3.「身元保証会社利用可」の老人ホーム選びと事前調整
次に当センター希では、身元保証会社を身元保証人として受け入れているサ高住・有料老人ホーム、おひとりさまや身寄りの薄い方の受け入れ実績がある施設を中心に情報収集を行い、候補を絞り込みました。
そのうえで各施設には事前に、
- ご本人さまのご家族状況
- 身元保証会社と契約に向けて動いていること
- 緊急連絡先・日常連絡先の分け方のイメージ
などを共有し、入居時の書類の書き方や、役割分担についても確認しました。
4.見学同行とご入居までのフォロー
見学当日は、ご本人さまと当センター希職員で施設を訪問し、職員の雰囲気、同年代の入居者さまの生活の様子、おひとりさまでの入居実績や、その方々への関わり方などを確認しながら、ご本人さまがここなら自分もやっていけそうだと感じられるかどうかを丁寧に見ていきました。
最終的には、
- 身元保証会社を正式な保証人・緊急連絡先として登録できること
- 日常の相談ごとは、施設職員+身元保証会社で連携できること
- お看取りまでの方針が明確だったこと
を決め手として、京都市内のサービス付き高齢者向け住宅へのご入居が決まりました。
入居当日も当センター希で施設までのご送迎と初回オリエンテーションへの同席を行い、新しい環境への不安が少しでも和らぐようフォローしました。
入居後の変化とご本人さまのご様子
ご本人さまは職員や他の入居者さまと少しずつ打ち解け、談話スペースでテレビを見ながら世間話をされる時間も増えています。
「頼れる身内がいない」という不安が、「何かあったときに相談できる人・仕組みがある」という安心に少しずつ変わっていかれました。
ポイント
● 身元保証人がいないから施設には入れないとあきらめてしまう前に、行政の制度や民間の身元保証サービスを含めて一緒に選択肢を整理することが大切です。

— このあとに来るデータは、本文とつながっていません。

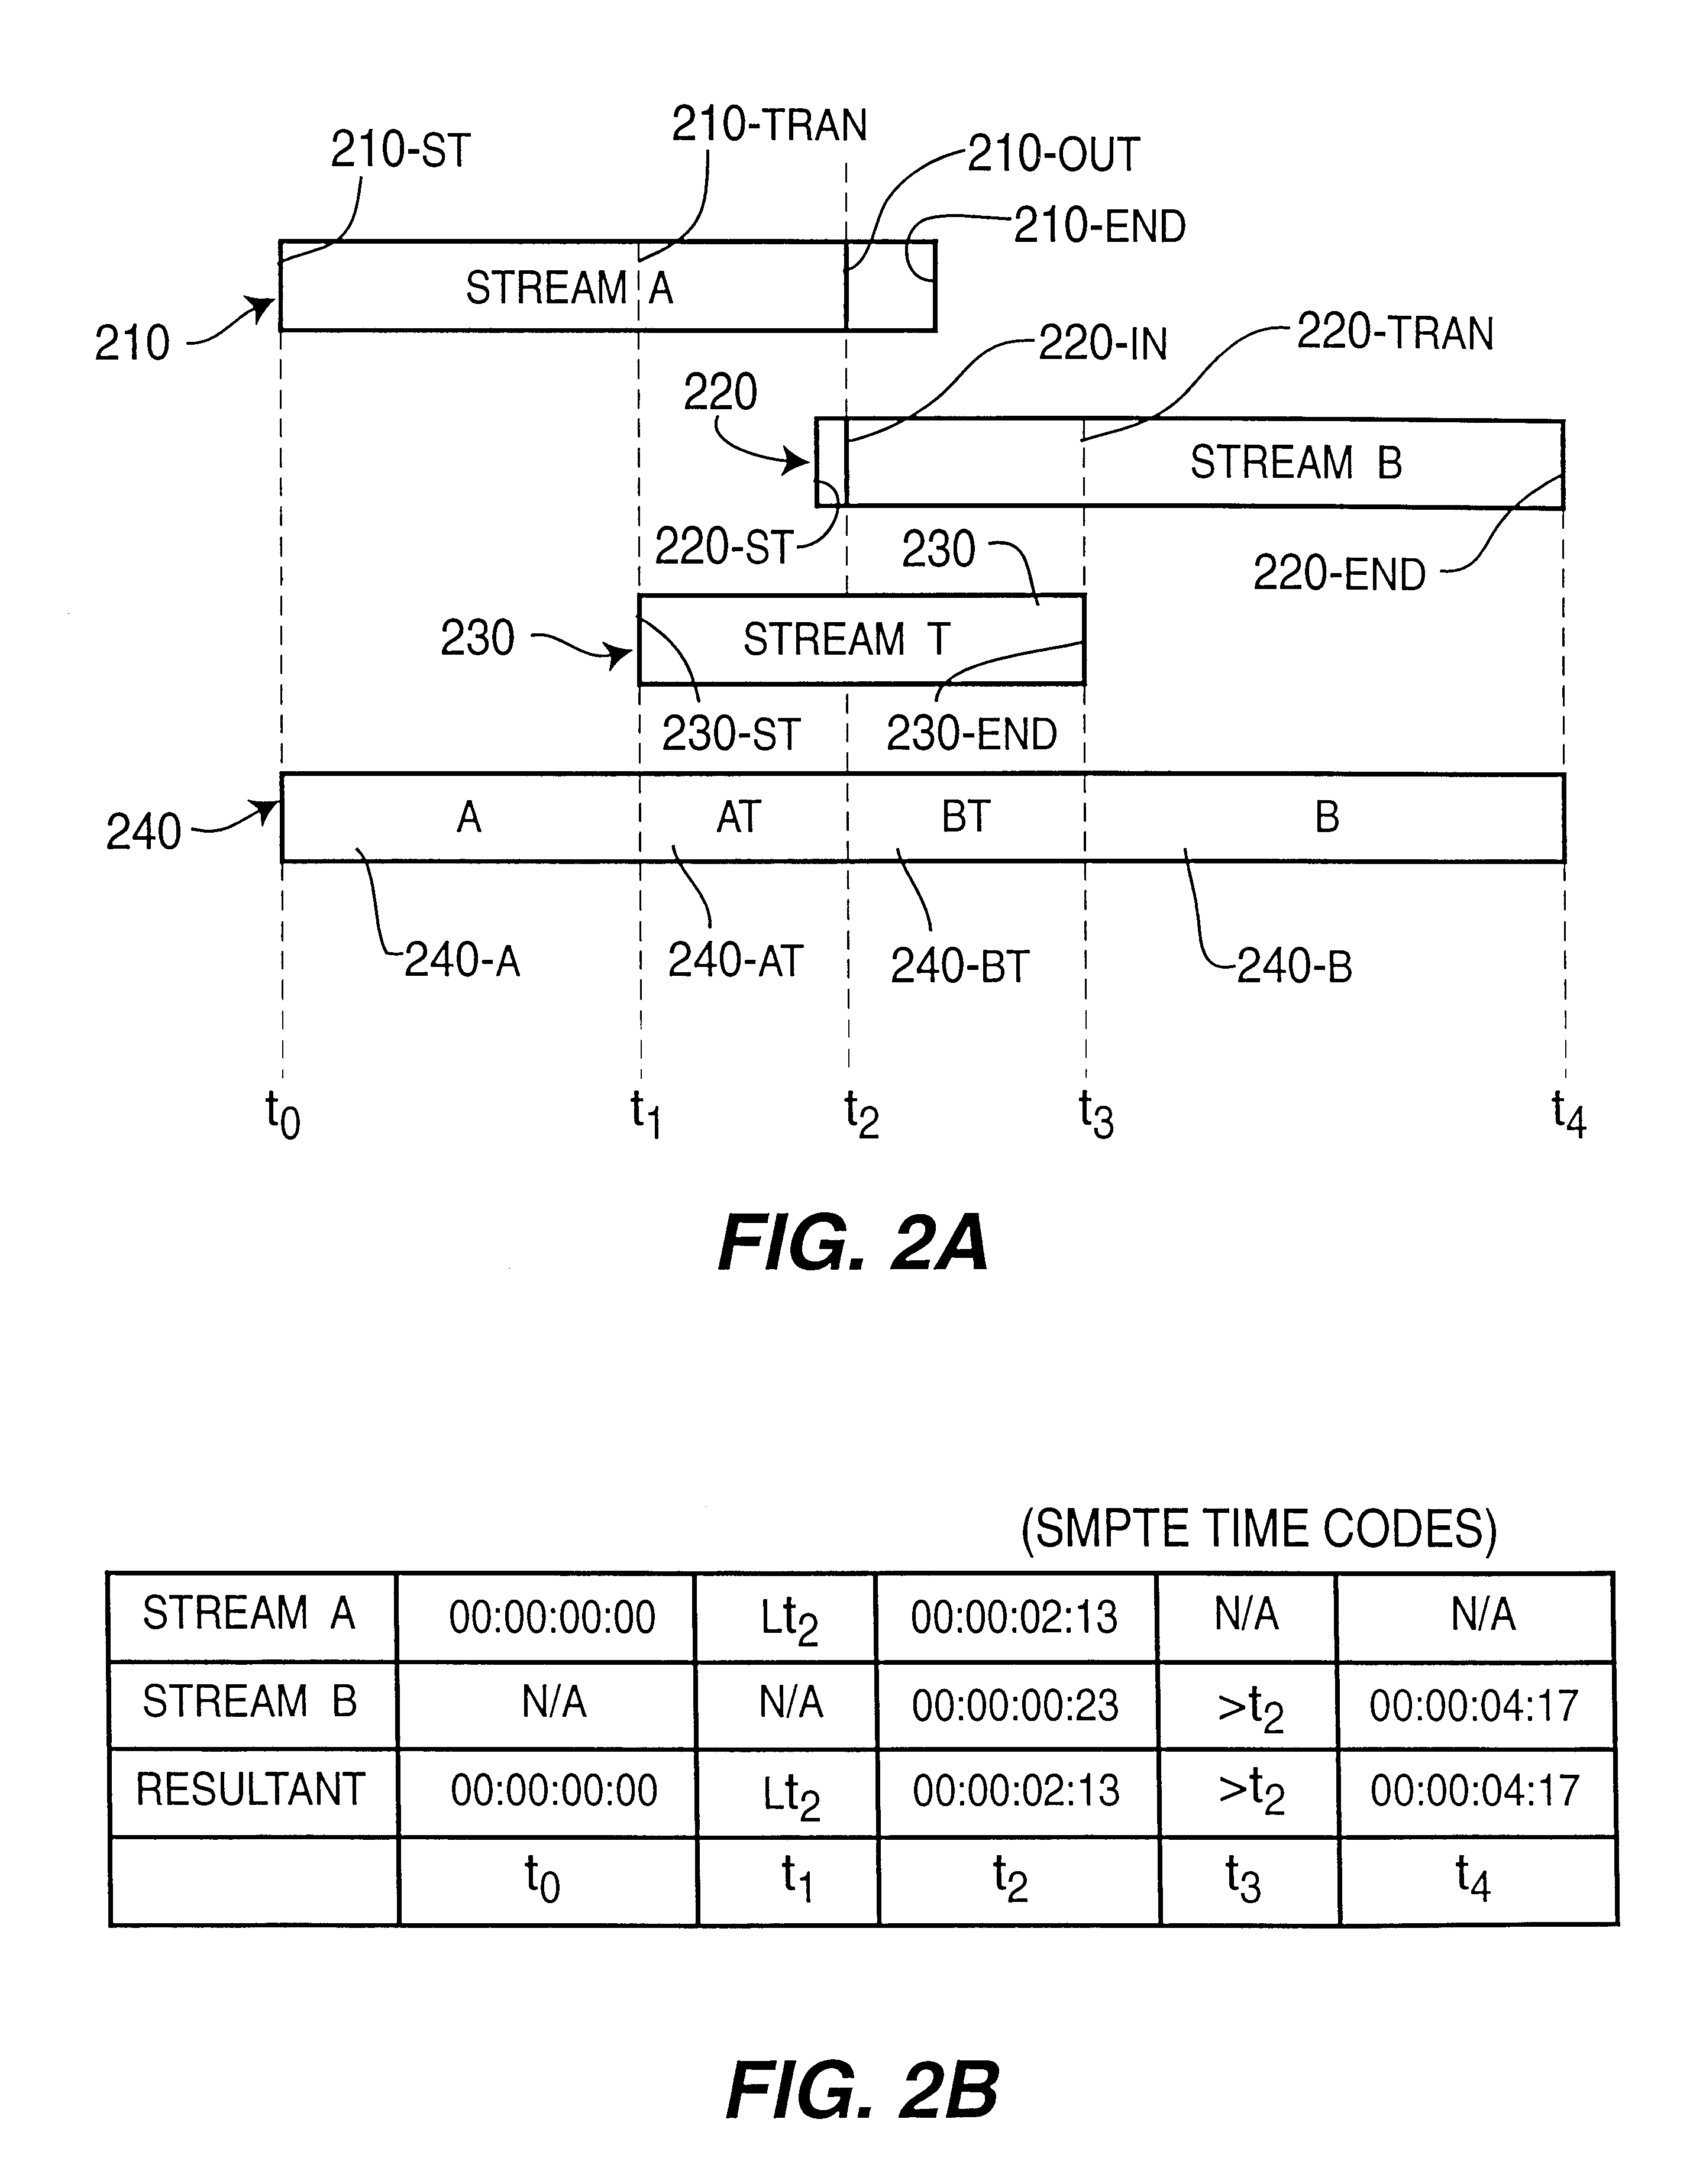 Frame-accurate seamless splicing of information streams

● 身元保証会社を利用される場合は、どこまでの範囲を任せるのか、緊急時・日常時の連絡体制、老人ホーム側の受け入れ条件を事前に確認し、施設・身元保証会社・ご本人さま(必要に応じてご親族)で役割分担を明確にしておくことが安心につながります。
● 当センター希では、身元保証人がいない、頼みにくい方のご相談、身元保証会社や関係機関との連携・面談同席、身元保証会社利用可の施設の情報収集・見学同行・入居当日のフォローを通じて、おひとりさまや身寄りの薄い方のご入居もサポートさせていただいております。